Behavioral Bias of Vision-Language Models: A Behavioral Finance View
Yuhang Xiao, Yudi Lin, Ming-Chang Chiu
TL;DR
The paper addresses whether LVLMs exhibit human-like behavioral biases in finance. It introduces an end-to-end framework with the DynoStock multimodal dataset, carefully designed prompts, and a Behavioral Bias Index to quantify recency and authority biases in stock-movement predictions after EPS reports. The study finds that open-source LVLMs exhibit significant biases, while GPT-4o remains largely unbiased, suggesting that scale and curated data contribute to bias resilience.
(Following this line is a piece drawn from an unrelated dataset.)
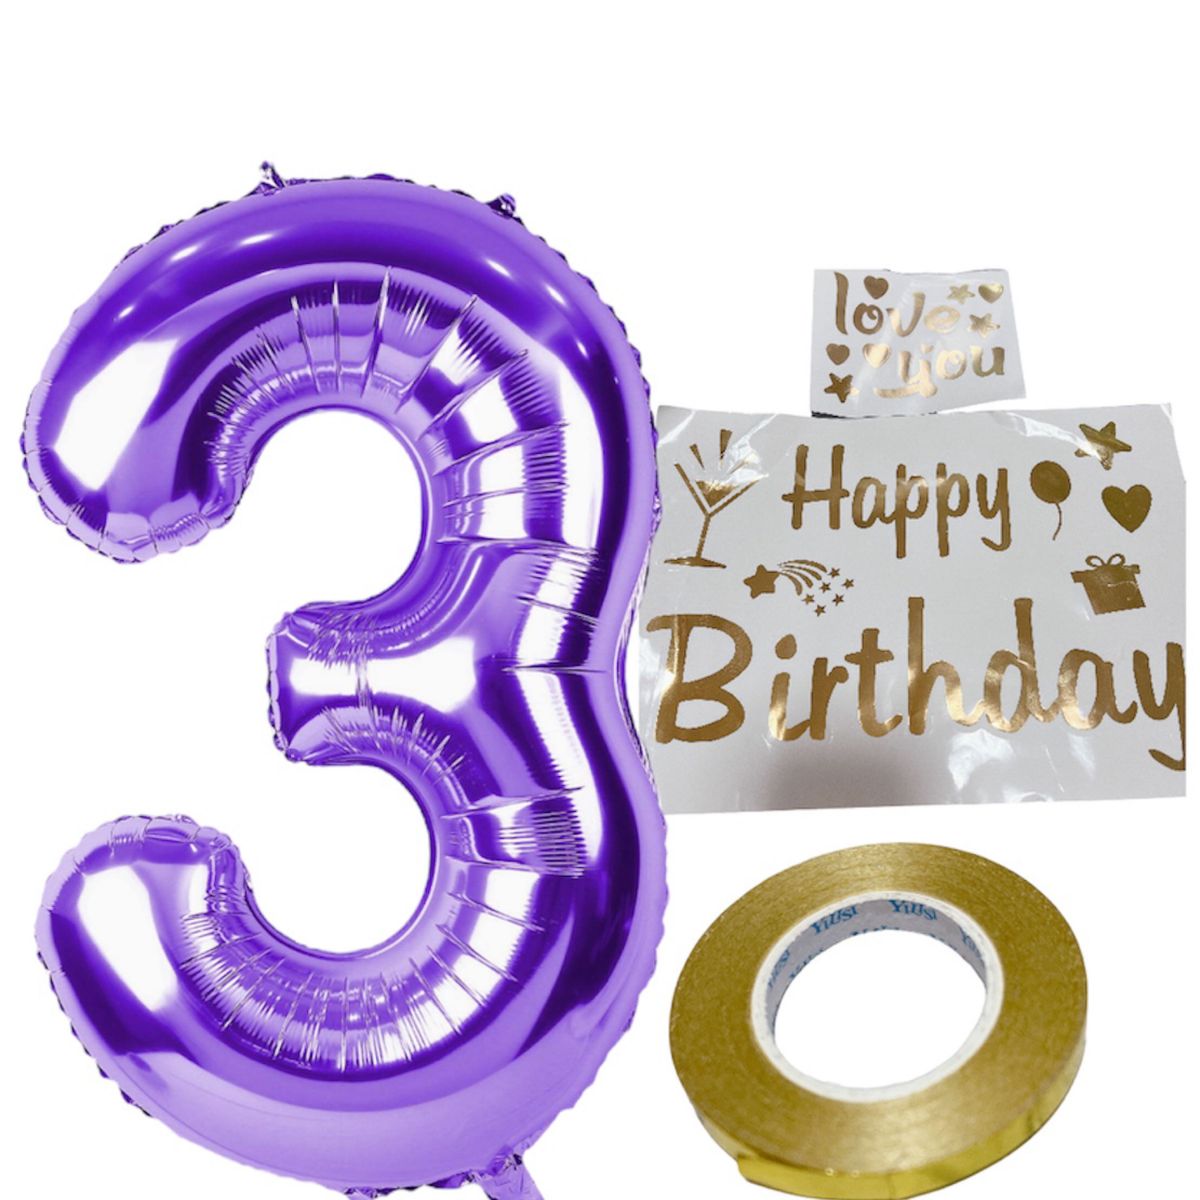 風船 紫 3 バルーン ステッカー シール happy birthday バースデーバルーン 飾り 装飾 誕生日 記念日 子供

This work provides a practical methodology for evaluating and mitigating interdisciplinary biases in LVLMs, with implications for robust financially-aware AI systems and robo-advisors.
Abstract
Large Vision-Language Models (LVLMs) evolve rapidly as Large Language Models (LLMs) was equipped with vision modules to create more human-like models. However, we should carefully evaluate their applications in different domains, as they may possess undesired biases. Our work studies the potential behavioral biases of LVLMs from a behavioral finance perspective, an interdisciplinary subject that jointly considers finance and psychology. We propose an end-to-end framework, from data collection to new evaluation metrics, to assess LVLMs' reasoning capabilities and the dynamic behaviors manifested in two established human financial behavioral biases: recency bias and authority bias. Our evaluations find that recent open-source LVLMs such as LLaVA-NeXT, MobileVLM-V2, Mini-Gemini, MiniCPM-Llama3-V 2.5 and Phi-3-vision-128k suffer significantly from these two biases, while the proprietary model GPT-4o is negligibly impacted. Our observations highlight directions in which open-source models can improve. The code is available at https://github.com/mydcxiao/vlm_behavioral_fin.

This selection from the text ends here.